### [GIVEN RECORDS]
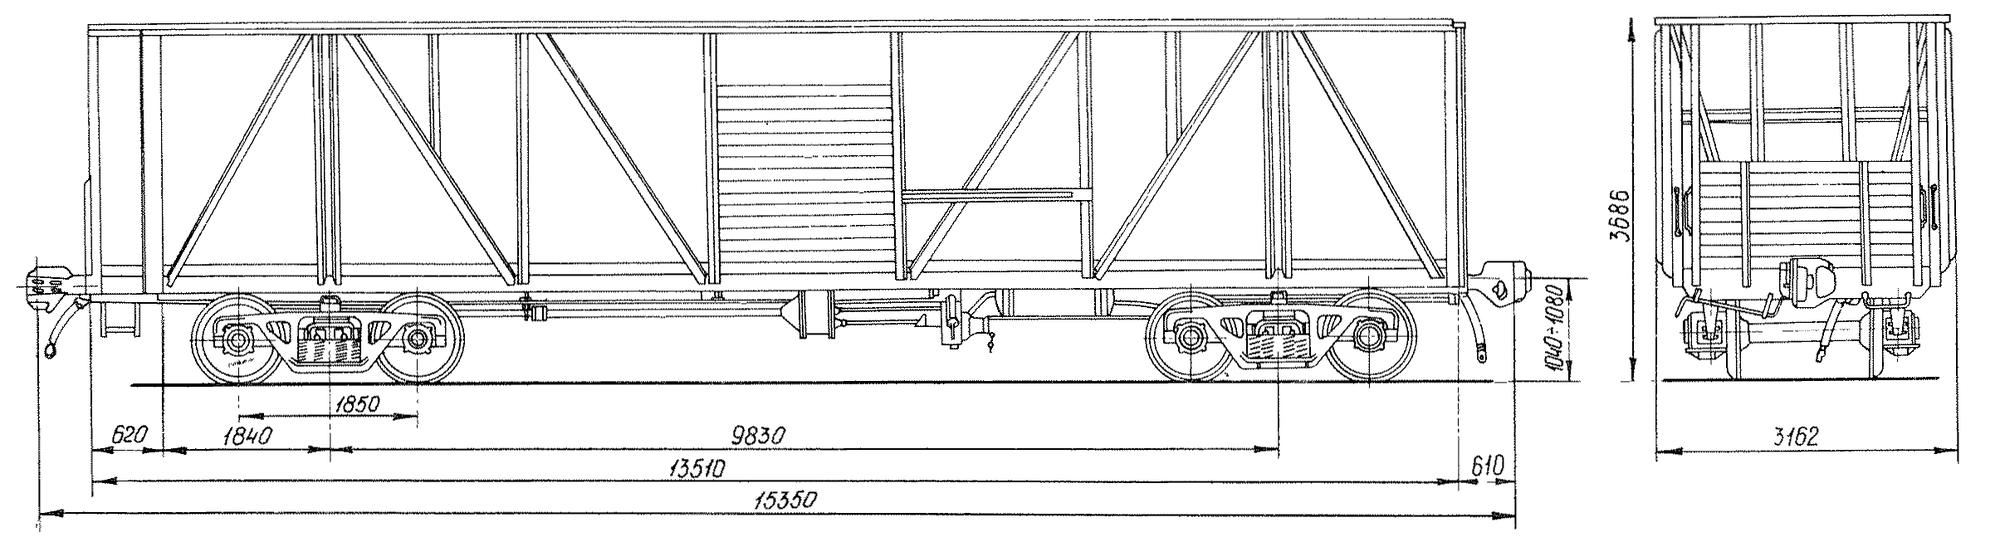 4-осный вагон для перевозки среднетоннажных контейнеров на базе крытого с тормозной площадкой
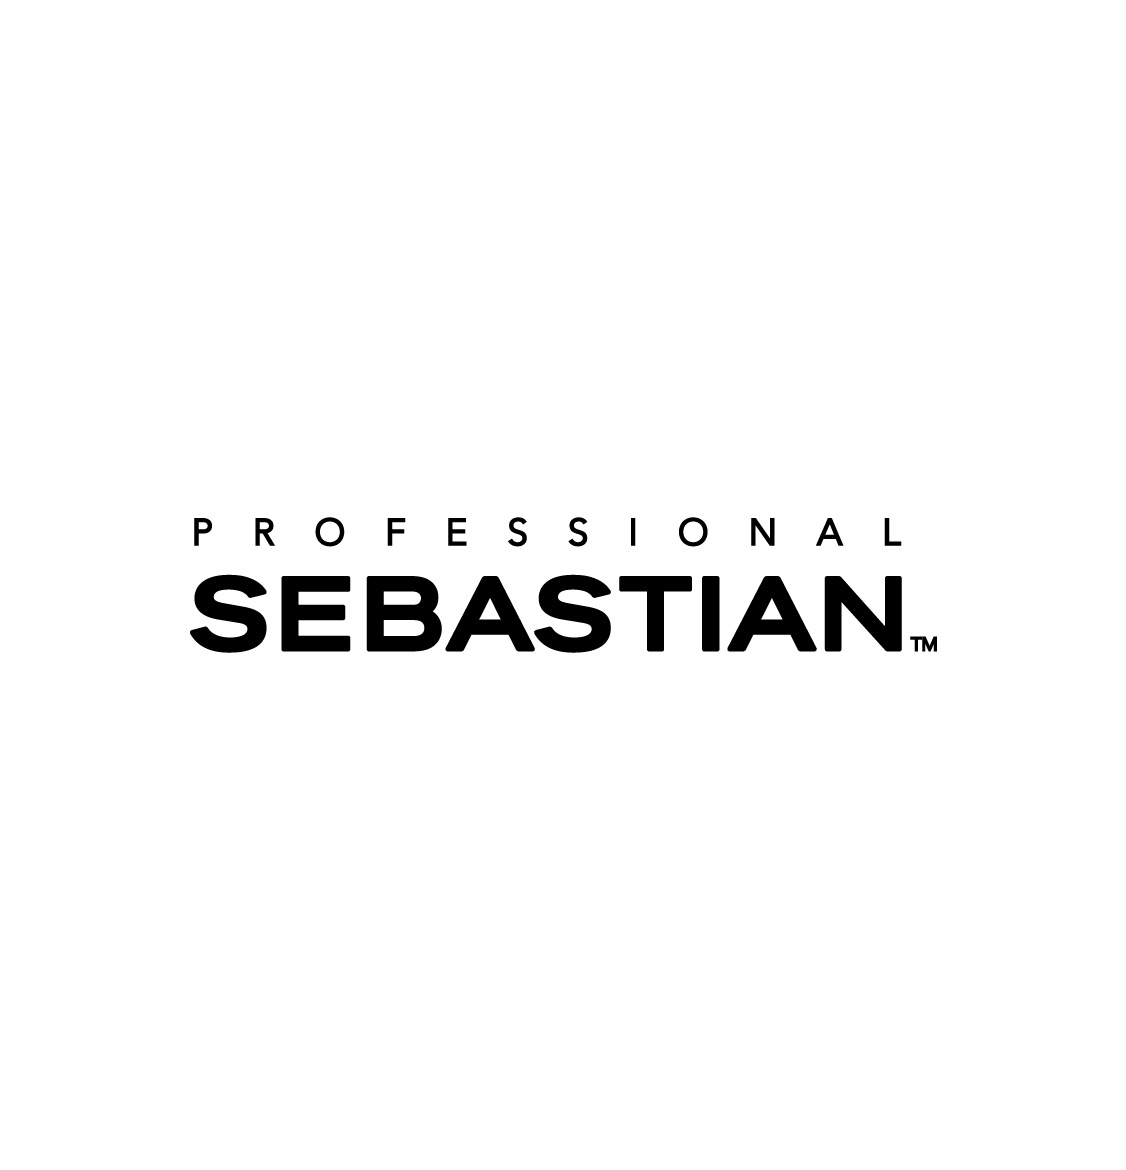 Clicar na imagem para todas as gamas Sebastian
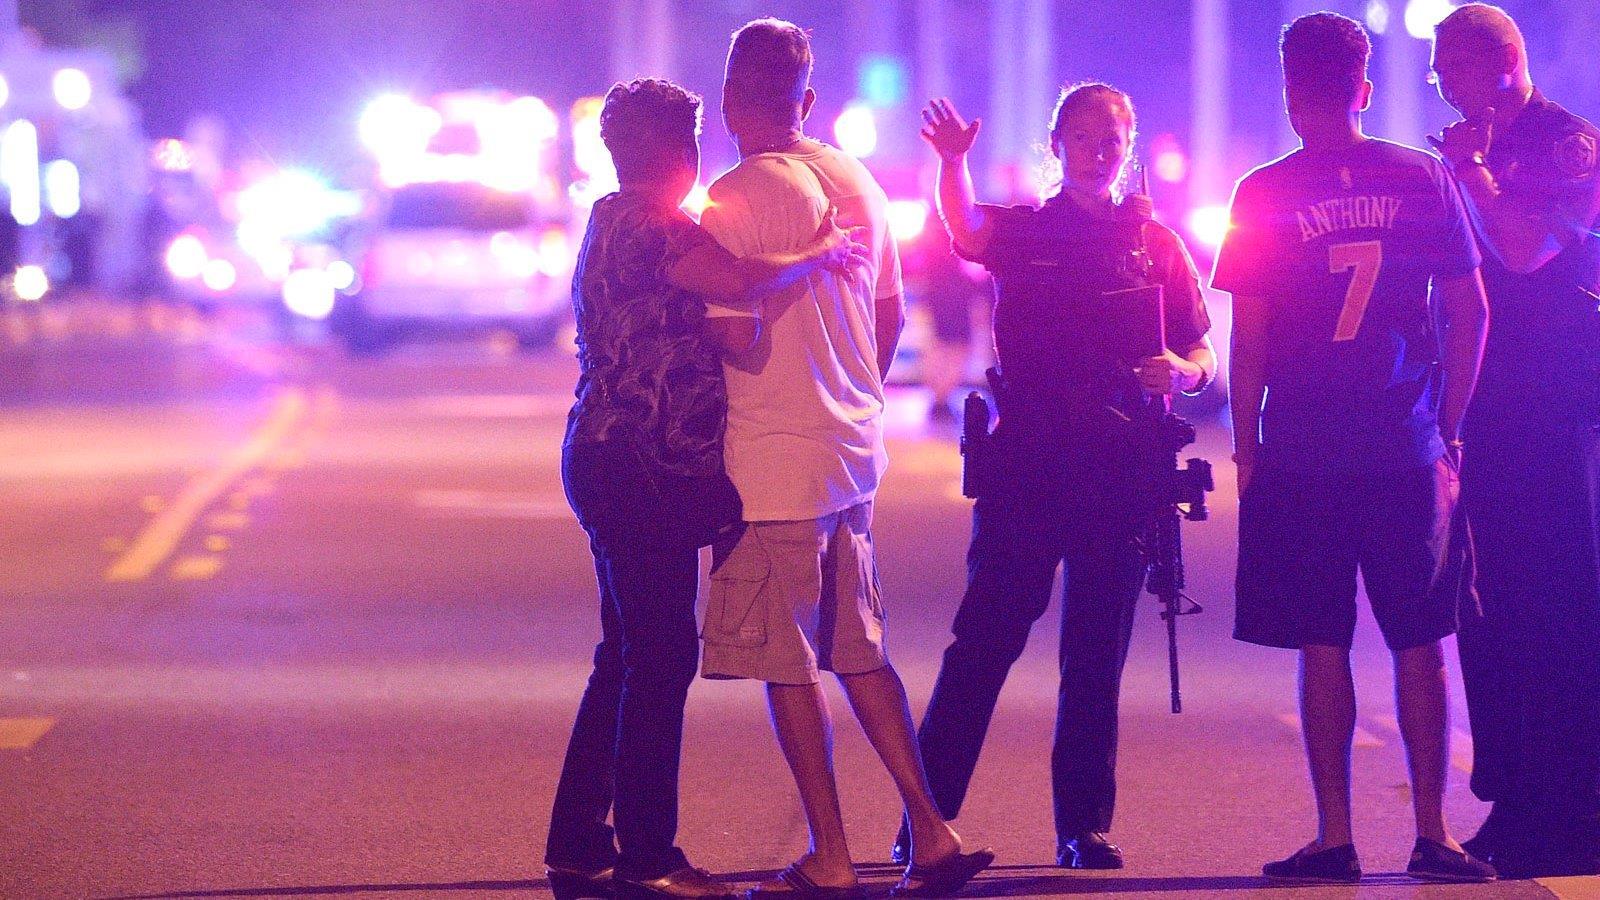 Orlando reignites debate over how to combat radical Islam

--

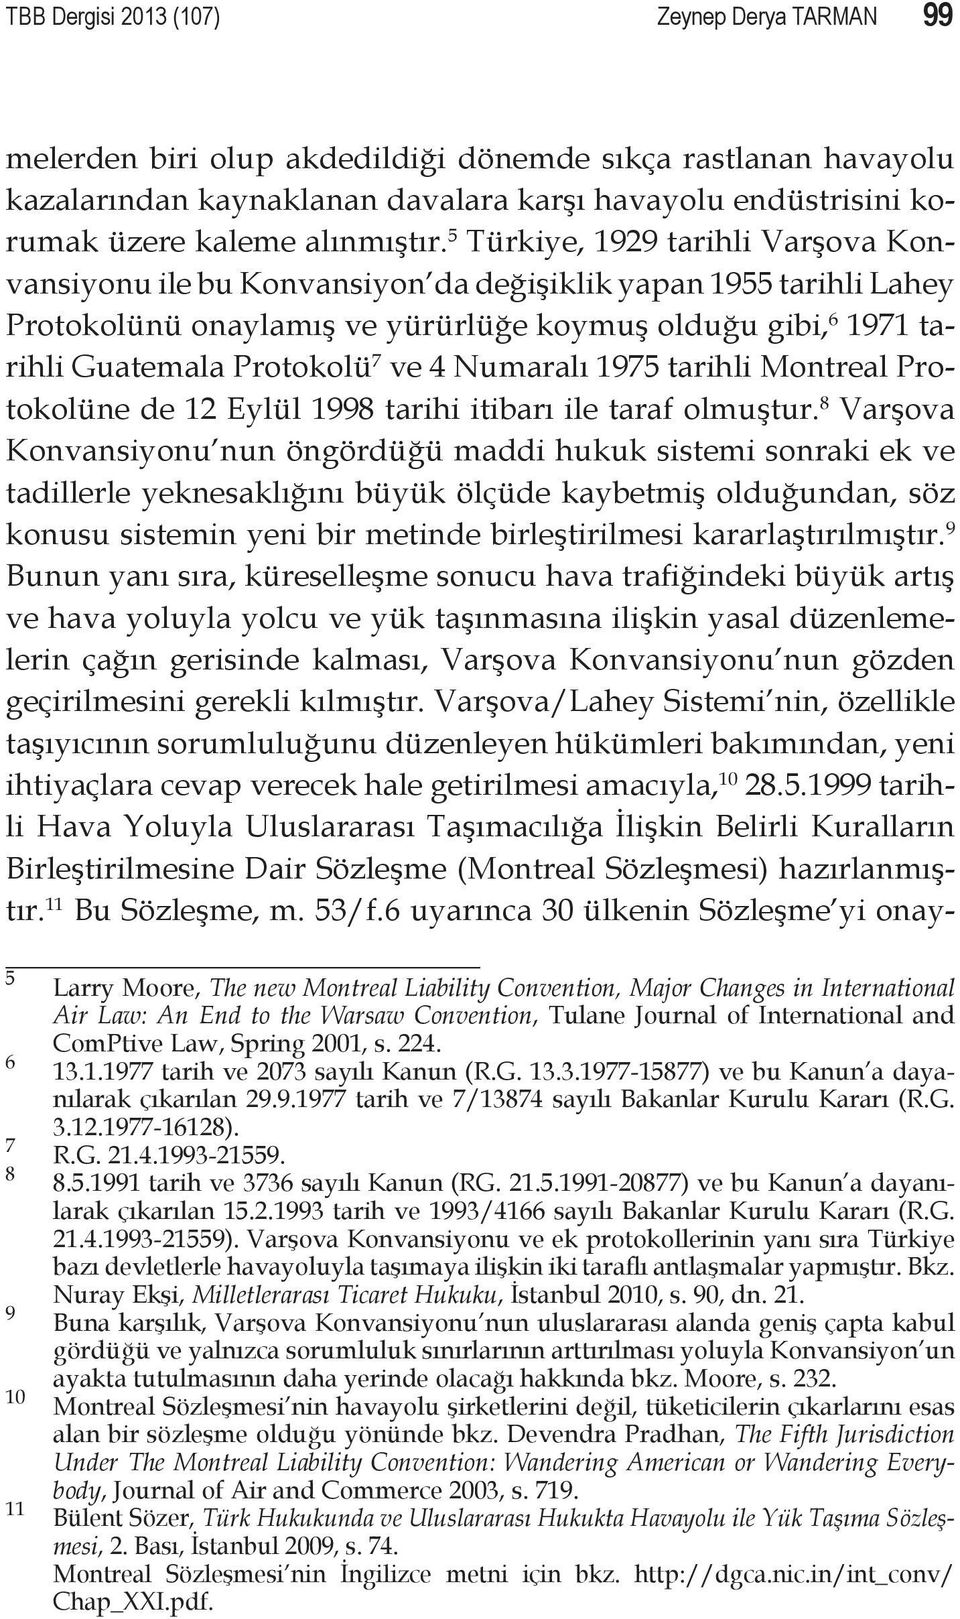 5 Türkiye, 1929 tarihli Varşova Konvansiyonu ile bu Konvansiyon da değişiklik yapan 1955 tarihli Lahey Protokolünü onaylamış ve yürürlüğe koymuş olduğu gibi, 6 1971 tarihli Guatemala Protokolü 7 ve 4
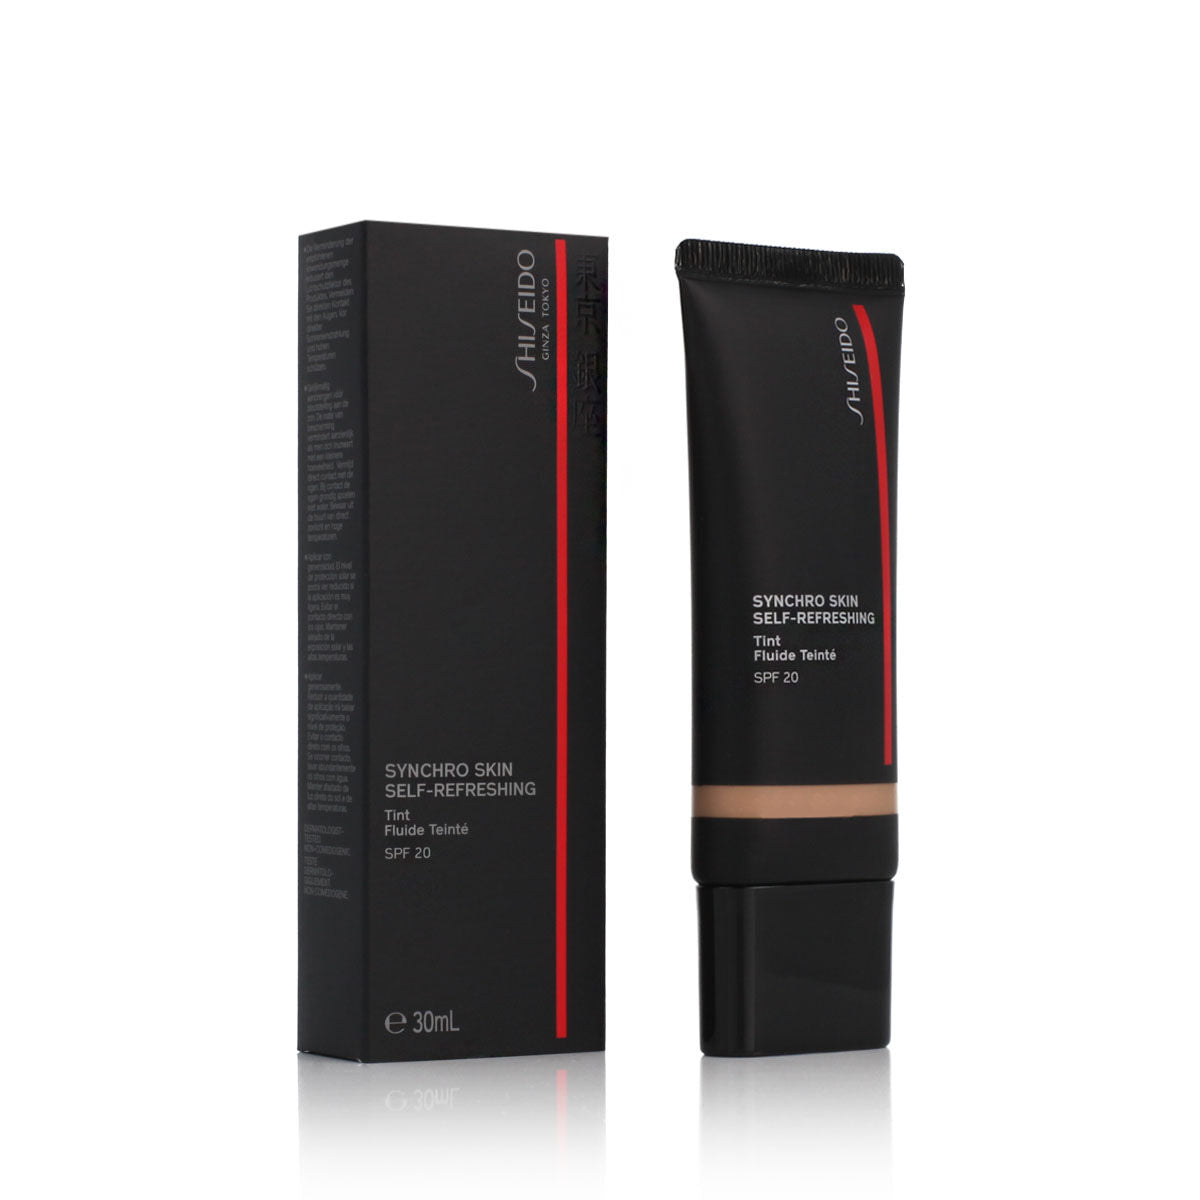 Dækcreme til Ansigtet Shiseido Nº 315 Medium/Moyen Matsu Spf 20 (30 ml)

### [REQUIRED WORK]
When copying from the data above, begin at the line containing "4-осный вагон для" and end at the line containing "Orlando reignites debate"; return those lines exactly and leave all pictures behind.

### [EXERCISE SOLUTION]
 4-осный вагон для перевозки среднетоннажных контейнеров на базе крытого с тормозной площадкой
 Clicar na imagem para todas as gamas Sebastian
 Orlando reignites debate over how to combat radical Islam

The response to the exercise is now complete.